When a group of British golf writers put questions of a like nature to him last week, he replied: "I've been pretty much the same guy for the last five years but none of you have bothered to notice." I'm not here to defend the British golf writer, God bless him, but for the past five years Faldo has been under closer scrutiny by our fraternity than any other object outside licenced premises. And if there has been any misrepresentation of personality then it is due only to a failure of communication. The Press is not responsible for any image that comes across on television. There is also the point that what the Americans see as amusing does not always send the British into hysterics.

Faldo had long made no secret of his disappointment in those countrymen who report on his exploits and I have no doubt it played a part in his coming to America. When he announced his decision last summer he also upset some of his fellow players. That, again, was due to failing to explain properly the reasons behind the move. He talked about the sun on his back and the better courses in the States which was immediately construed as a slight on European courses. This wasn't his intention. He merely wanted to stay in one place for a sizeable part of the year and play and practise under conditions in which the three US majors are played. "My game needed the continuity and I am playing more consistently as a result. I think the people over here appreciate the commitment I've made," he said. "I'm just trying to be me. They don't have any preconceived ideas about me. They've given me a fresh start."
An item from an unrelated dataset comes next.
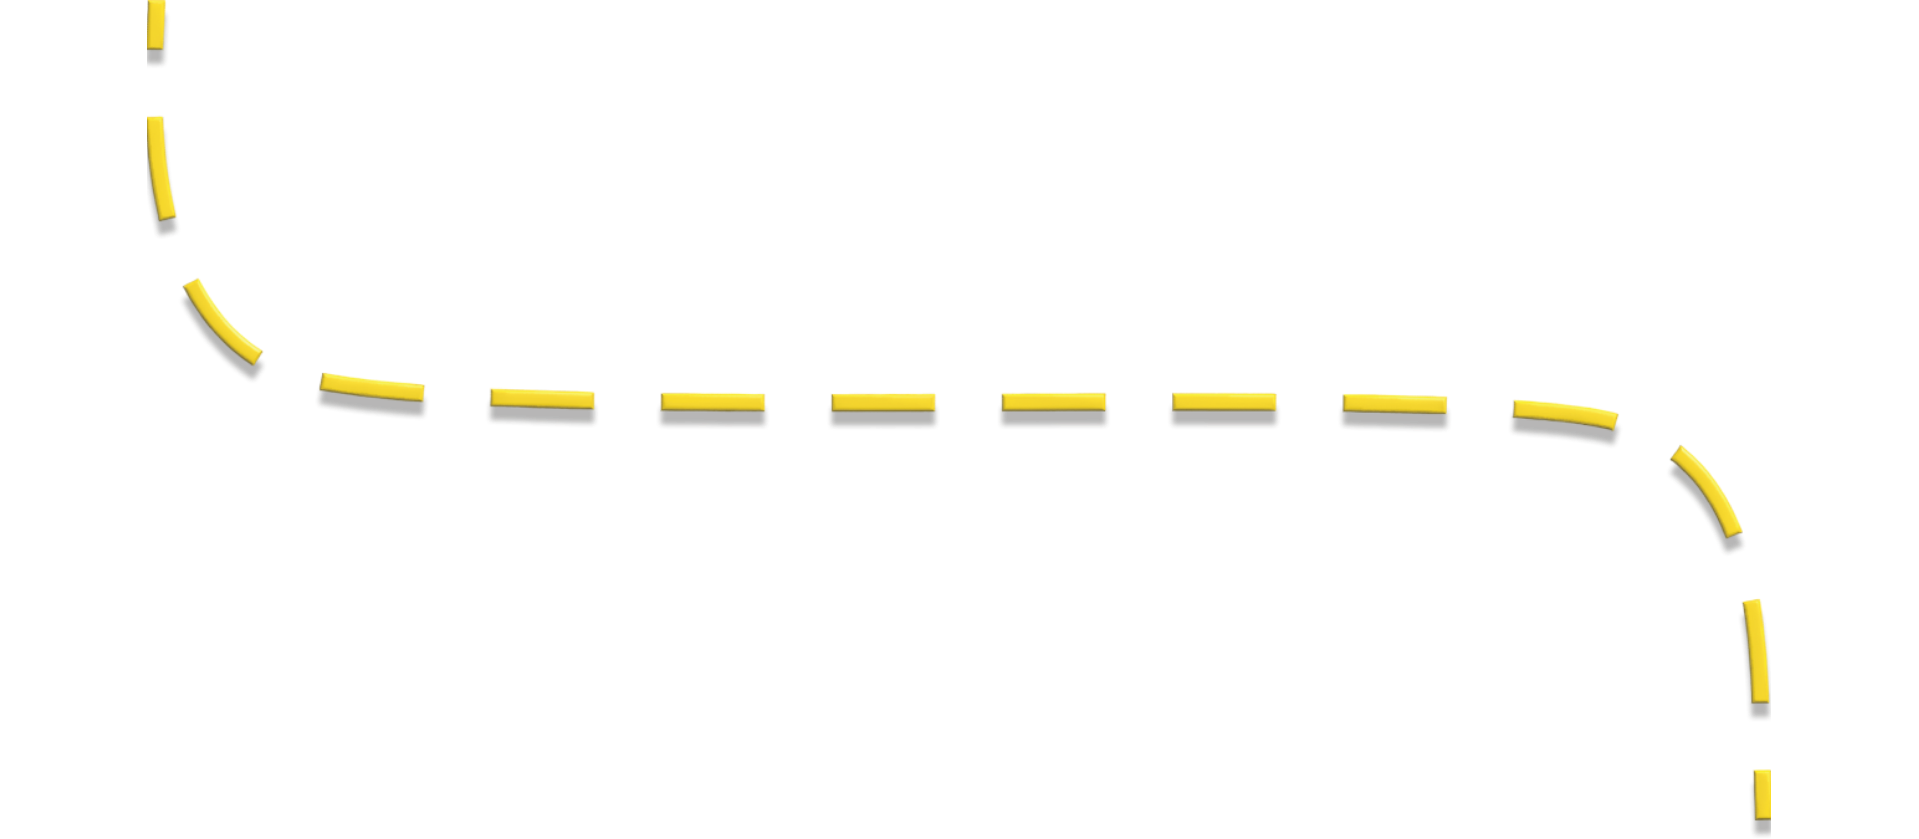 yellow line trail
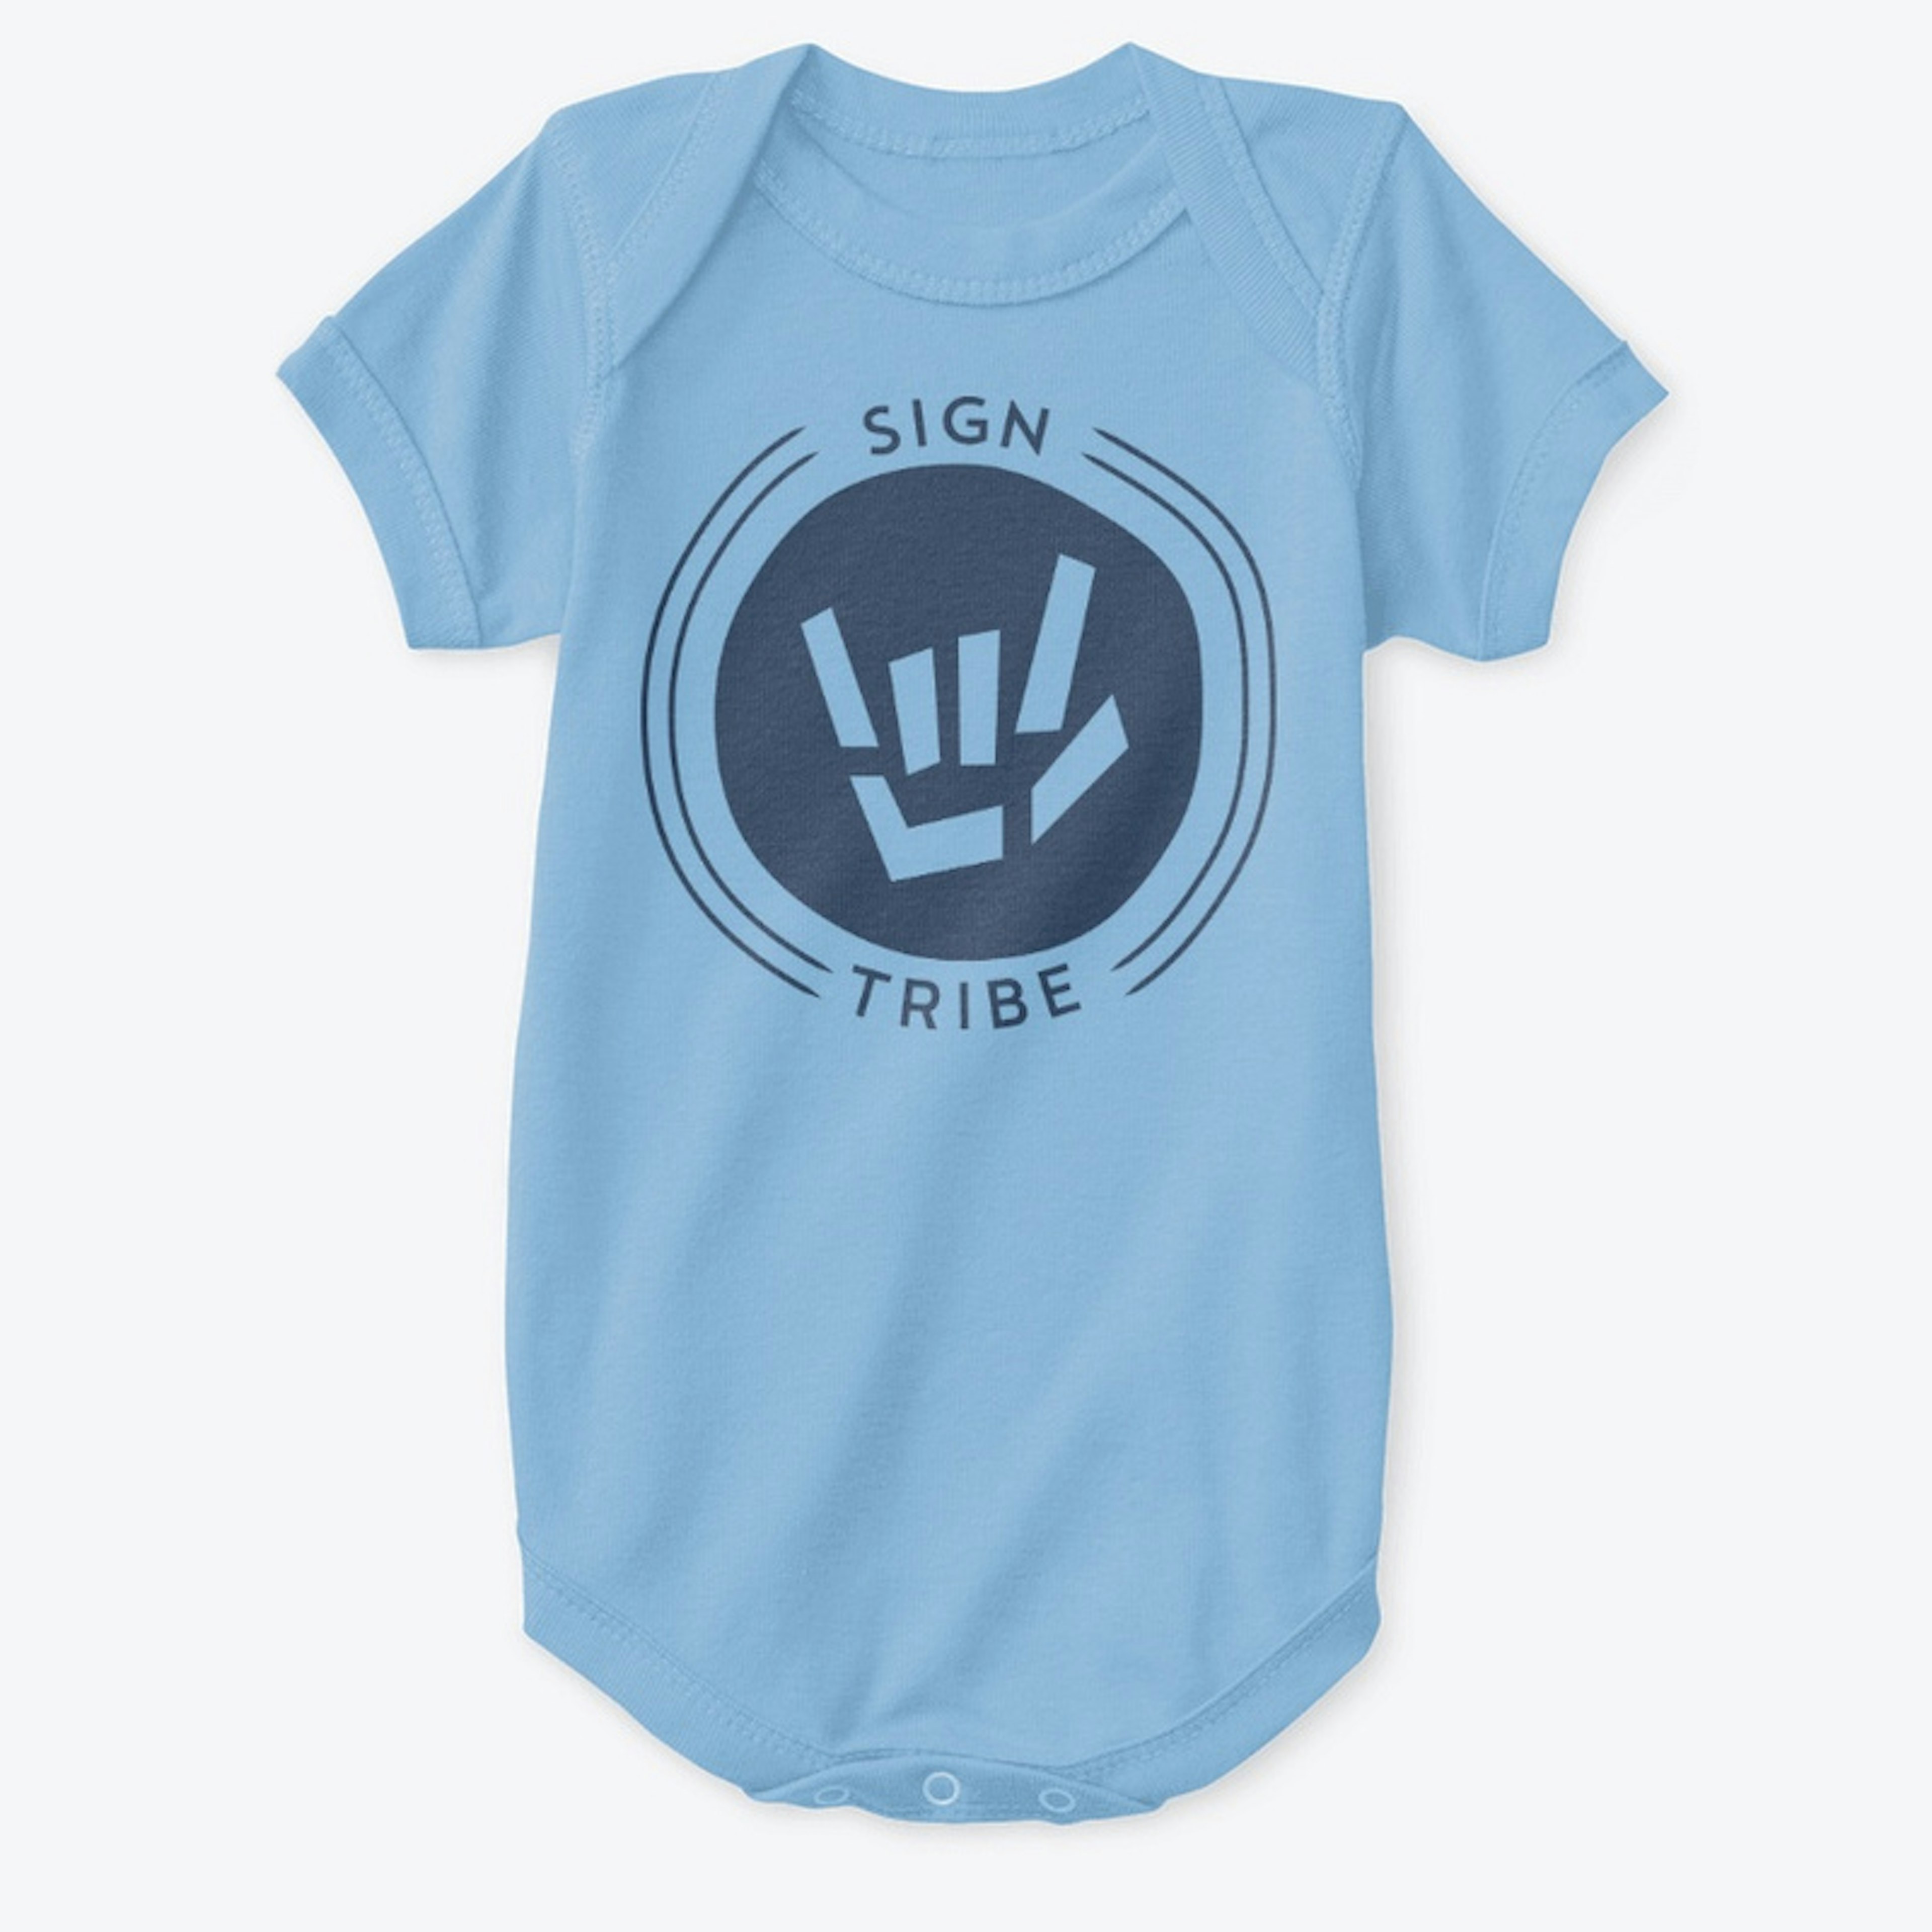 Sign Tribe Baby Premium Onesie

Some believe that his continued presence here will eventually pose a threat to the stability of the European Tour. If a stampede of top players followed him, it probably would. But that is unlikely and, in the meantime, it is better for our leading player to be happy and glorious in the States than miserable and unsuccessful back home, particularly in Ryder Cup year.

When he does come back to play, probably in the Volvo PGA at Wentworth in May, he will bring a fresh interest. Perhaps he will also bring his close friend Peter Jacobsen, who came to know Faldo on the European Tour in the '80s and has been eloquent on his behalf. "It is lonely at the top and the Press don't have a clue how hard this game is and how hard it is to stay on top," Jacobsen said last week. "Everybody thinks he is an iron-clad, no-sense-of-humour guy. I think he's one of the funniest guys I've met. Having him over here makes us better as players."

Jacobsen was his partner in the first round of the Masters as Faldo, sporting a Forrest Gump cap in the rain, began his assault. It was a solid performance but the putting was slightly awry, as on Friday. He went for an hour's putting practice with his coach, David Leadbetter. "I've told him to think of himself as a little boy again," said Leadbetter. "Just look at the putt and hit it like you did as a kid."

Faldo's relentless search for perfection has led him to the top of his profession - but so far from home.